TASK OBJECTIVE :: In the records that follow, find the line containing "Magazin online cu" and the line containing "Hotell Phu Nhuan Hotel 5 - Giang Vo", then transcribe both and every line between them exactly, omitting pictures.

─── DATA EXCERPTS

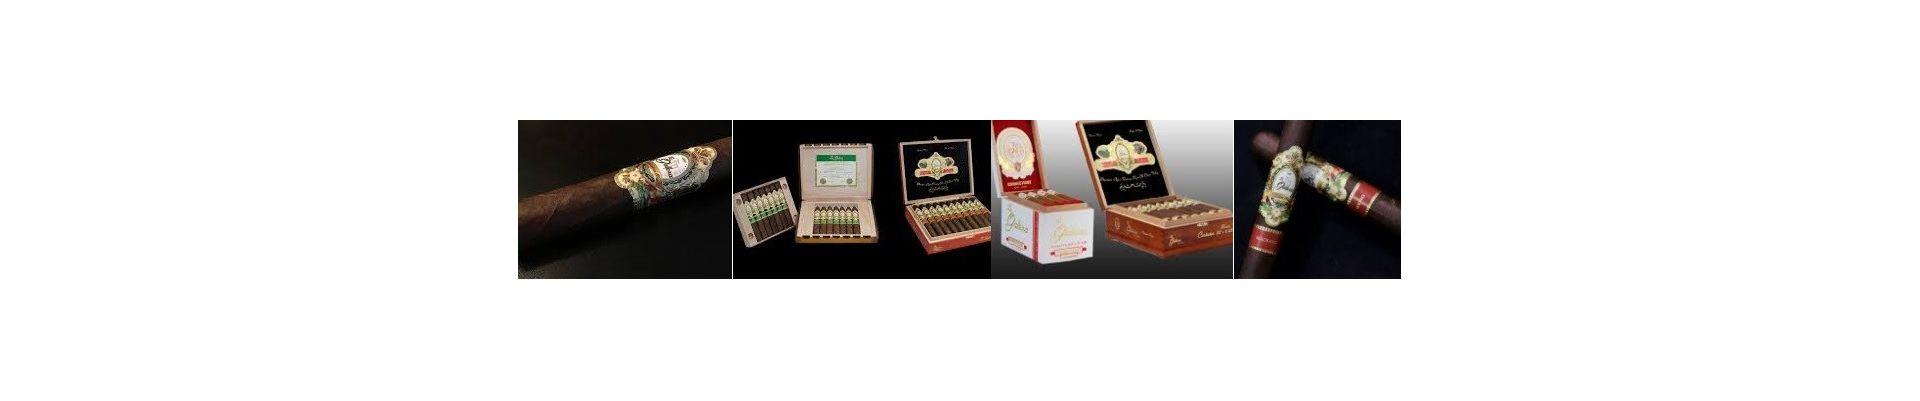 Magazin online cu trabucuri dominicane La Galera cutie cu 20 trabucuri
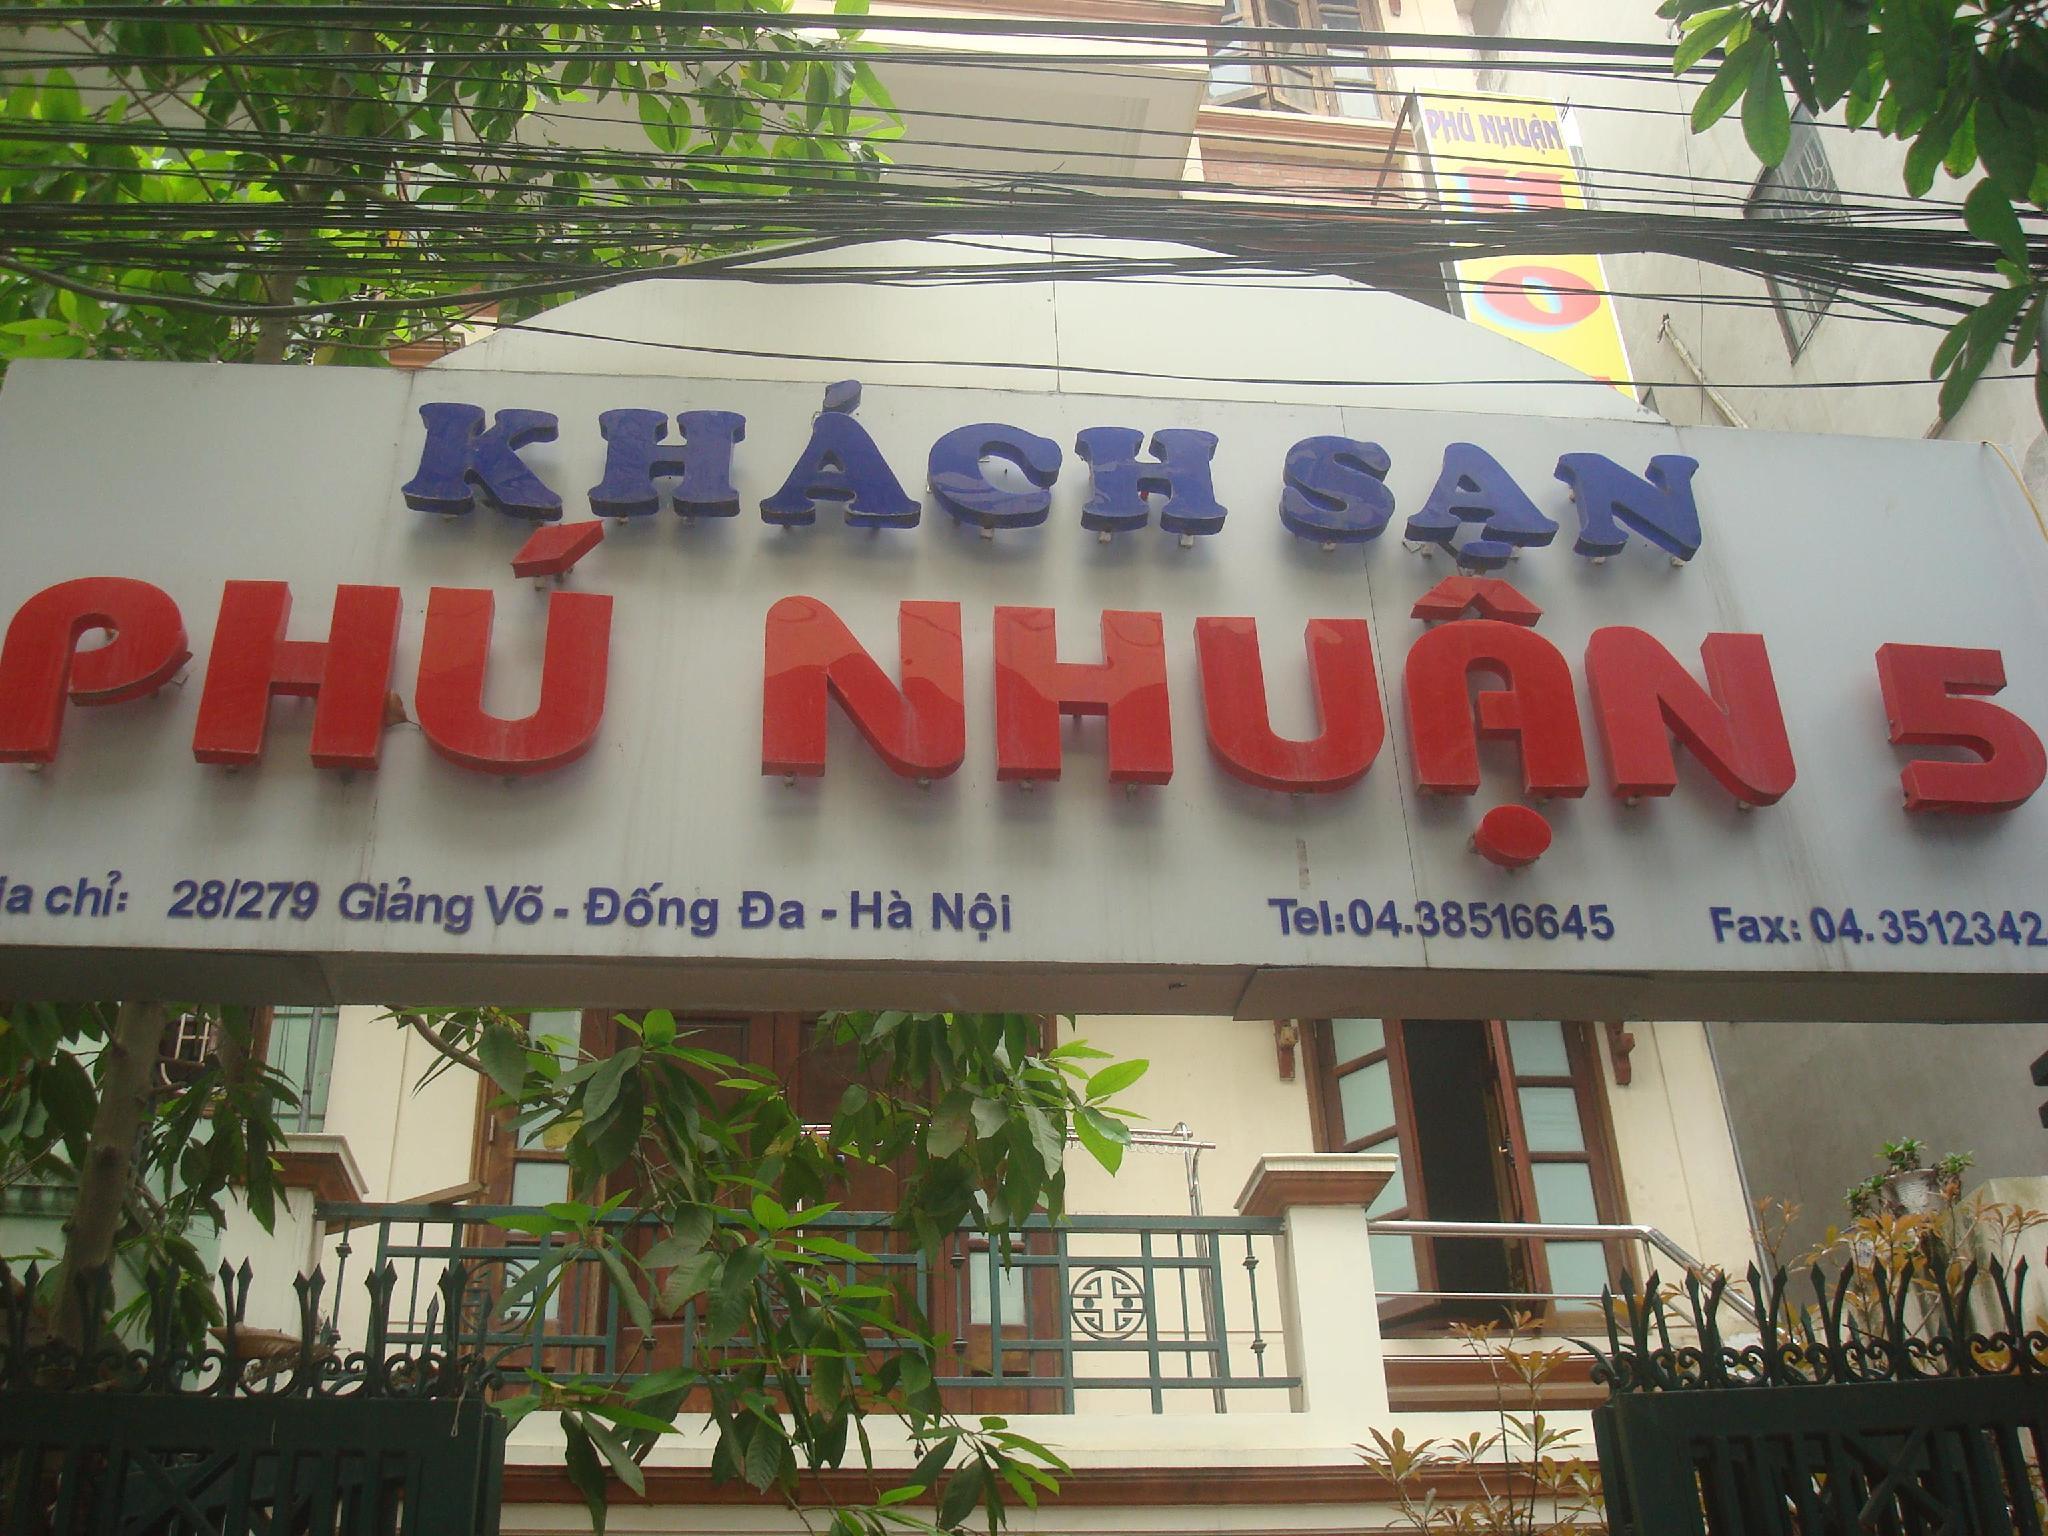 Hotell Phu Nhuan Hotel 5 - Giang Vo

──────
─── DATA EXCERPTS

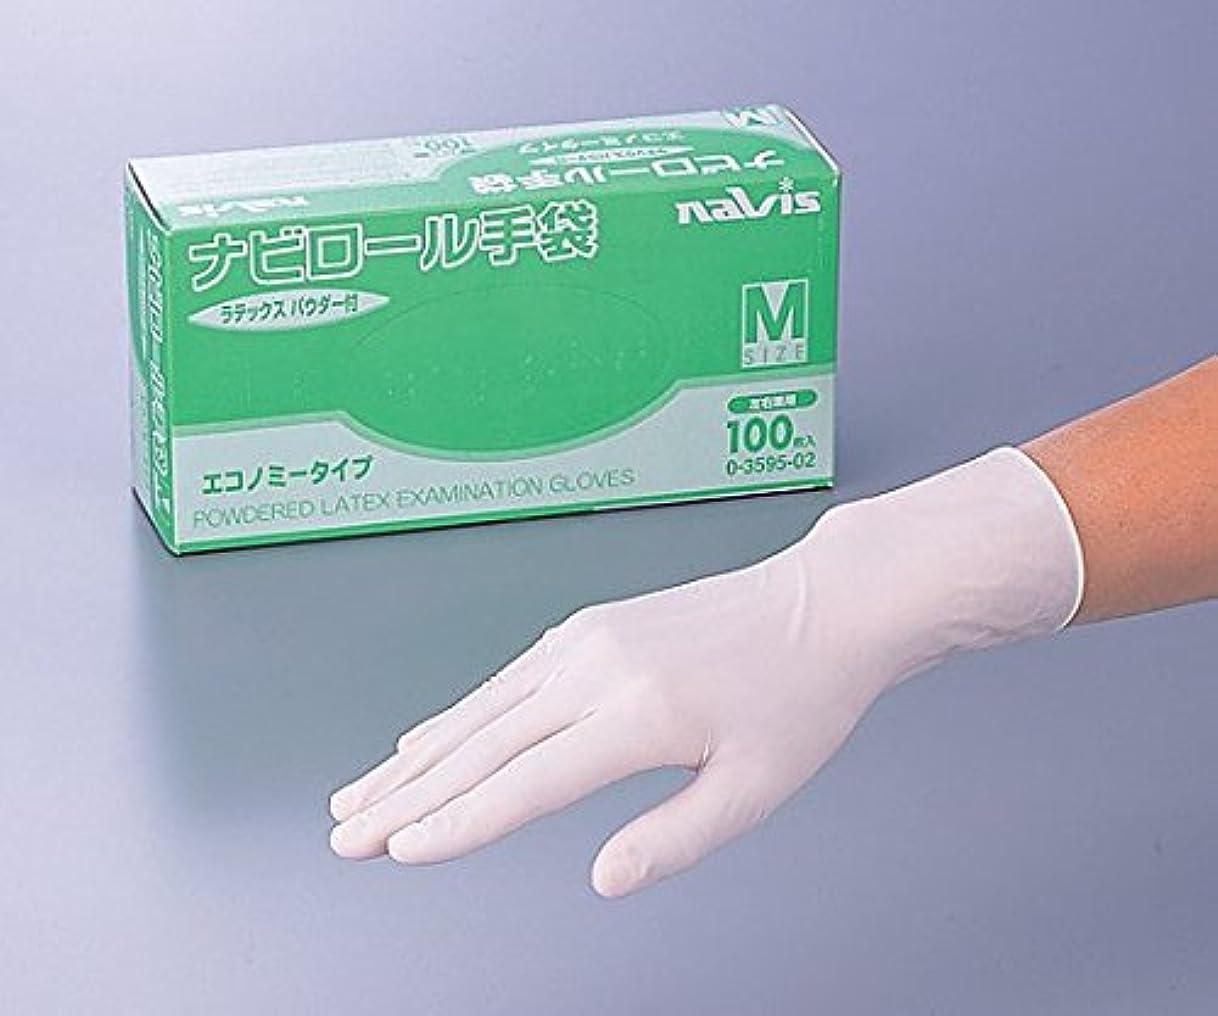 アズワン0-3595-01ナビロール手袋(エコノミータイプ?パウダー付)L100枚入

──────
─── DATA EXCERPTS

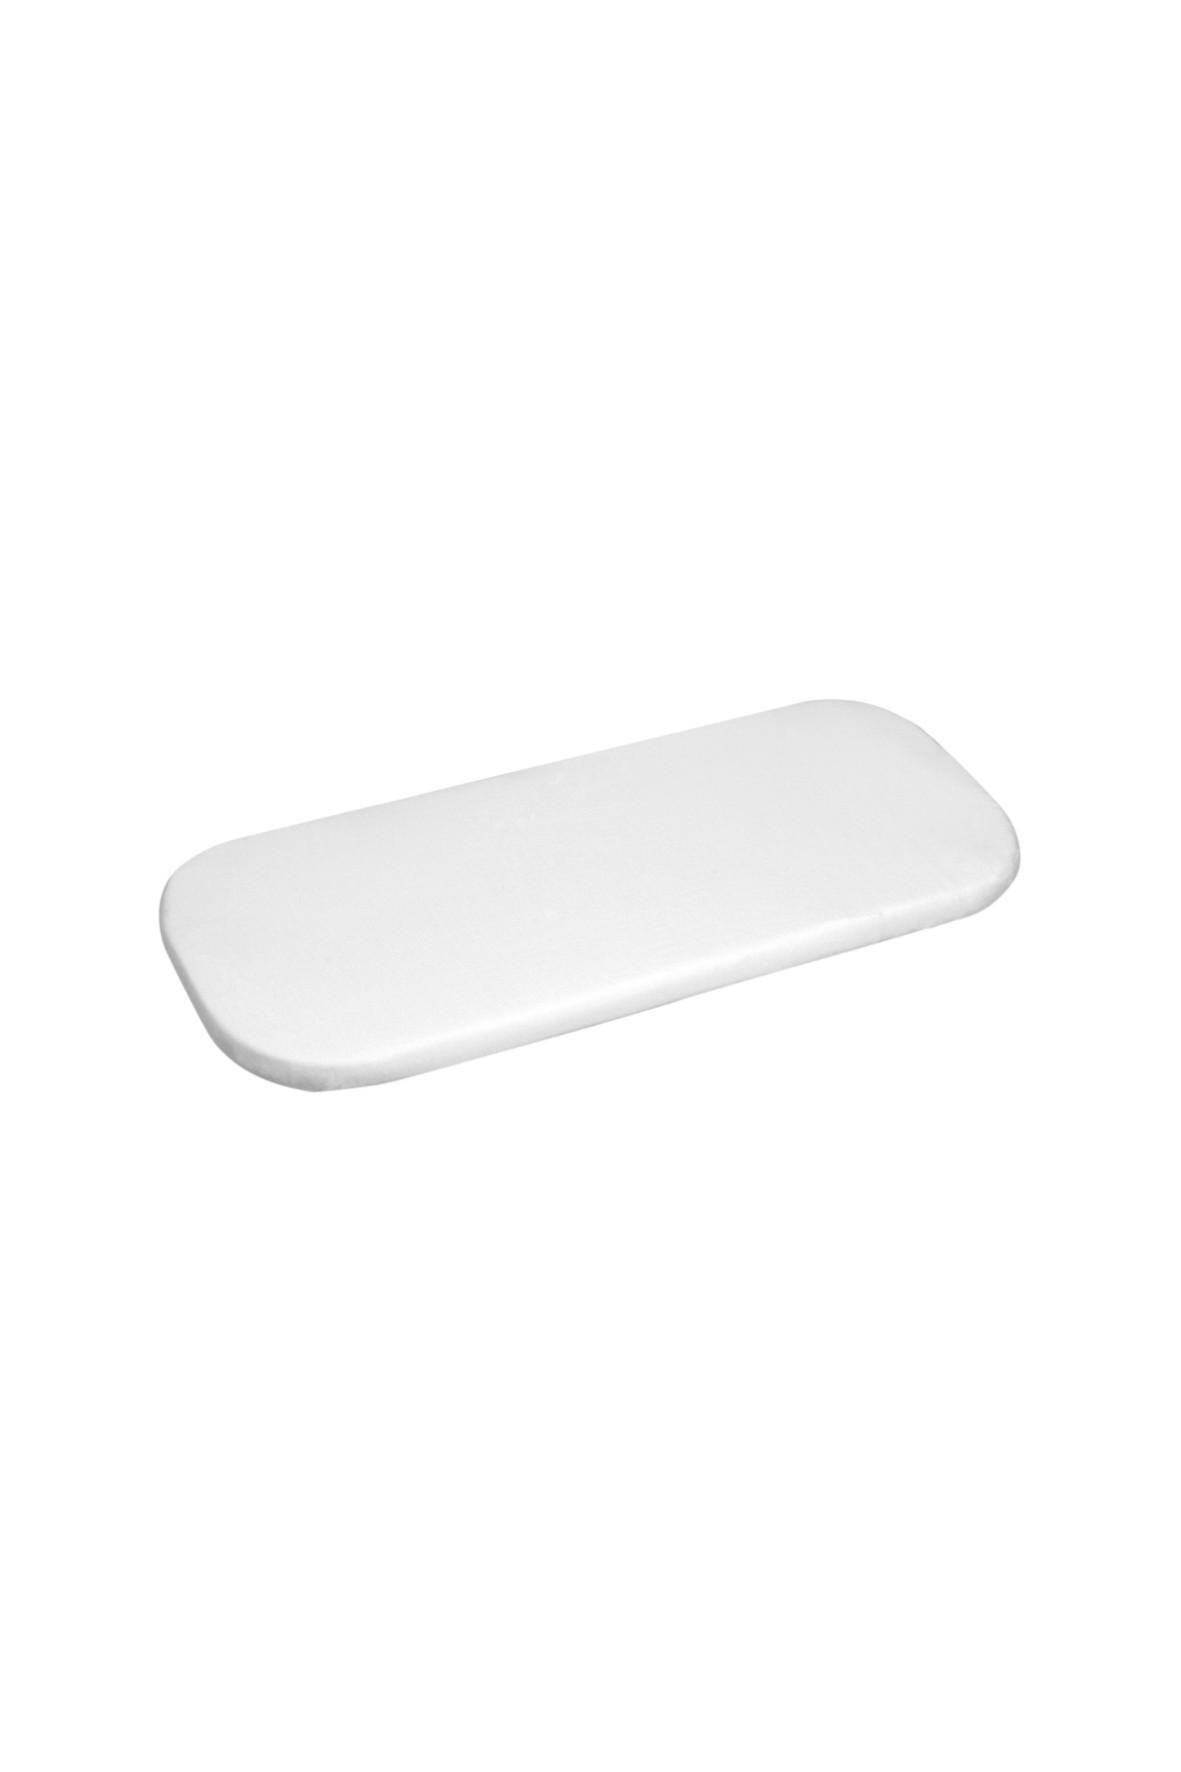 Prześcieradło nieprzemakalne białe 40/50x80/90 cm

──────

TASK ANSWER ::
 Magazin online cu trabucuri dominicane La Galera cutie cu 20 trabucuri
 Hotell Phu Nhuan Hotel 5 - Giang Vo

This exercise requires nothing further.